The fix is simple: build a call taxonomy before you build (or buy) anything.
- Most practices underestimate call complexity — they assume 80% of calls are scheduling, when the actual split is more nuanced
- A two-week call audit reveals the true call taxonomy and exposes routing gaps you didn't know existed
- Taxonomy drives AI configuration: agents, intents, transfer rules, and escalation triggers are all built from it
- Practices with documented call taxonomies have 40% faster AI onboarding and higher first-month accuracy
Why Call Mix Is Rarely What You Think
Practice managers consistently overestimate scheduling calls and underestimate billing, records, and general inquiry calls. This isn't because they're wrong about their practice — it's because scheduling calls are more memorable (they involve decisions) while routine calls (directions, hours, insurance questions) fade into background noise.
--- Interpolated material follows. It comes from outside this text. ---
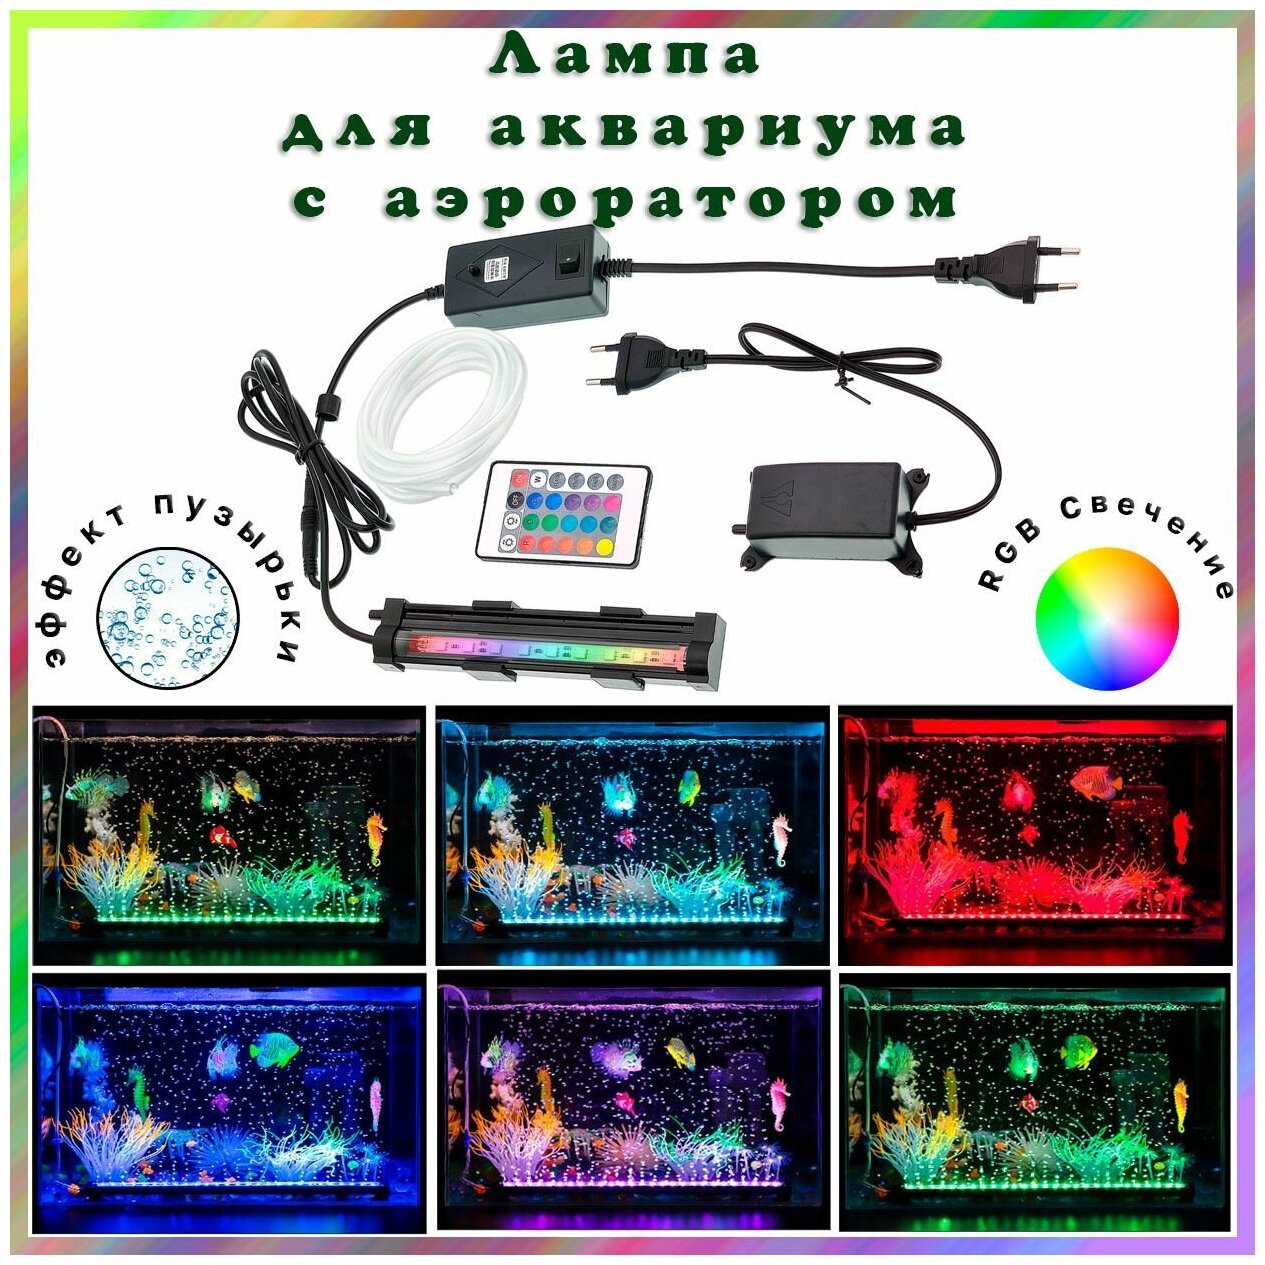 Лампа RGB аквариумная, погружная с кислородным воздушным насосом (аэратор для аквариума), пульт ДУ - фотография № 1

Here's a typical call mix audit result for a mid-sized specialty practice, compared to initial estimates:
The discrepancies matter because they drive agent configuration. If you build a system assuming 60% scheduling calls and 15% billing calls, but the reality is closer to 38% and 22%, your billing agent is under-resourced and your scheduling agent is over-optimized.
How to Build Your Call Taxonomy
Step 1: Two-week call audit
Pull your phone system's call records for two weeks (or have staff log calls by type in real time). The goal is a count of calls by type — not a qualitative evaluation.
Categories to track:
- Scheduling (new appointment, follow-up, reschedule, cancellation)
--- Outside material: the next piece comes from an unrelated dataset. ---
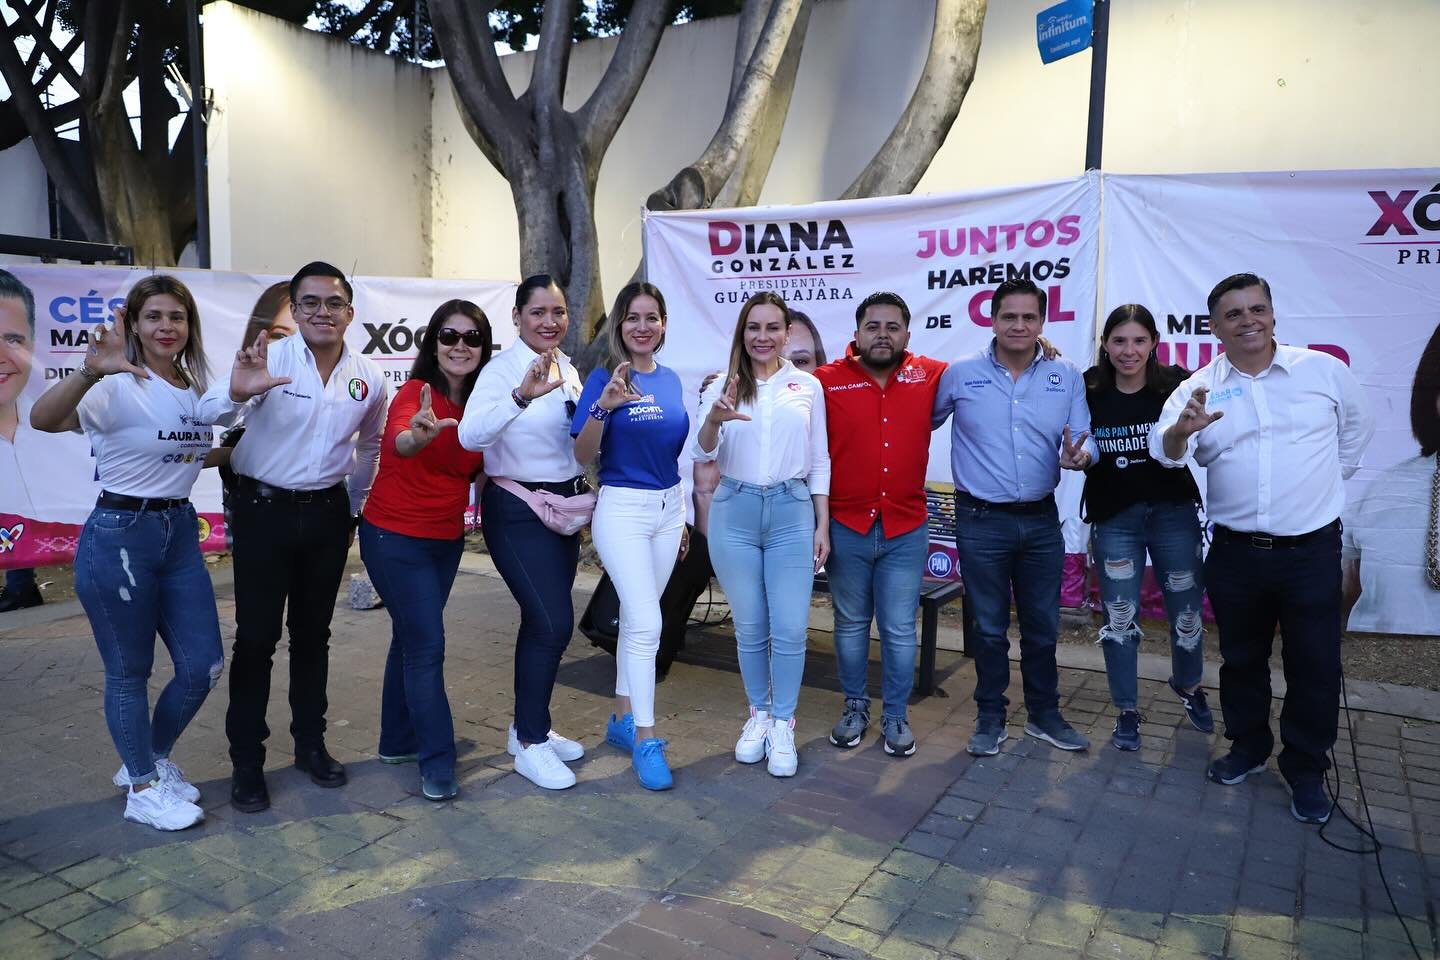 Diana González garantiza su compromiso con la niñez

- Billing (balance inquiry, payment, insurance question)
- Medical records (request, transfer, portal help)
- New patient (first contact, insurance check, provider question)
- Clinical / provider message (not an emergency)
- Urgent / triage
- General information (hours, directions, services)
- Other / unclassified
Step 2: Identify sub-intents
Within each category, document the most common sub-intents. For scheduling, this might be:
- "Book new patient appointment"
- "Reschedule existing appointment"
- "Cancel appointment"
- "Check appointment time"
- "Add or change appointment type"
Sub-intents are the raw material for AI intent configuration. The more specific they are, the more accurately the system will route.
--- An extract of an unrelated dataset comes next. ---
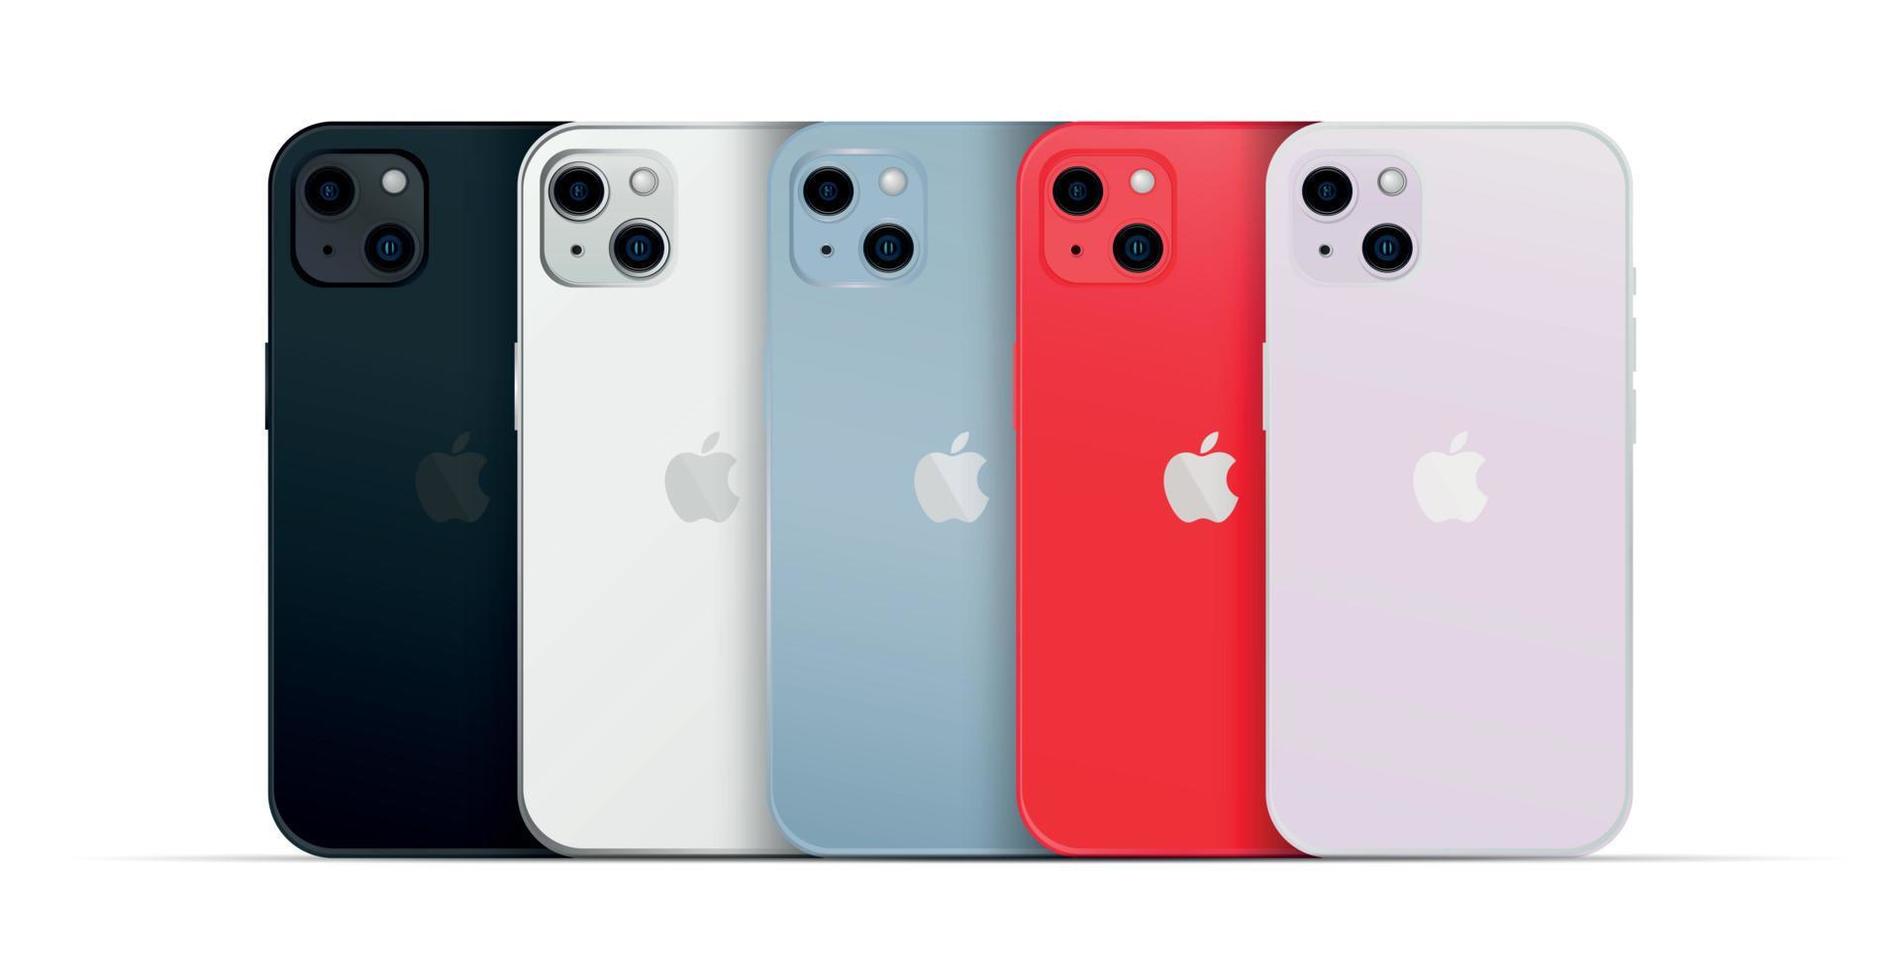 novidade apple iphone 14, gadget de smartphone moderno, conjunto de 5 pcs novas cores originais - vetor

Step 3: Map escalation triggers
For each call type, document the conditions that require human escalation:
- Billing: insurance disputes, hardship requests
- Records: third-party requests requiring authorization
- Clinical: any symptom-related question
- Urgent: emergency keywords (chest pain, fall, breathing difficulty)
Escalation logic is often the hardest part of AI configuration — building it from a documented taxonomy is much faster than discovering it through failures in production.
Step 4: Document the data
Create a simple reference document: call types, volumes, sub-intents, escalation triggers. This is your AI configuration brief. It becomes the source of truth for onboarding any voice AI system.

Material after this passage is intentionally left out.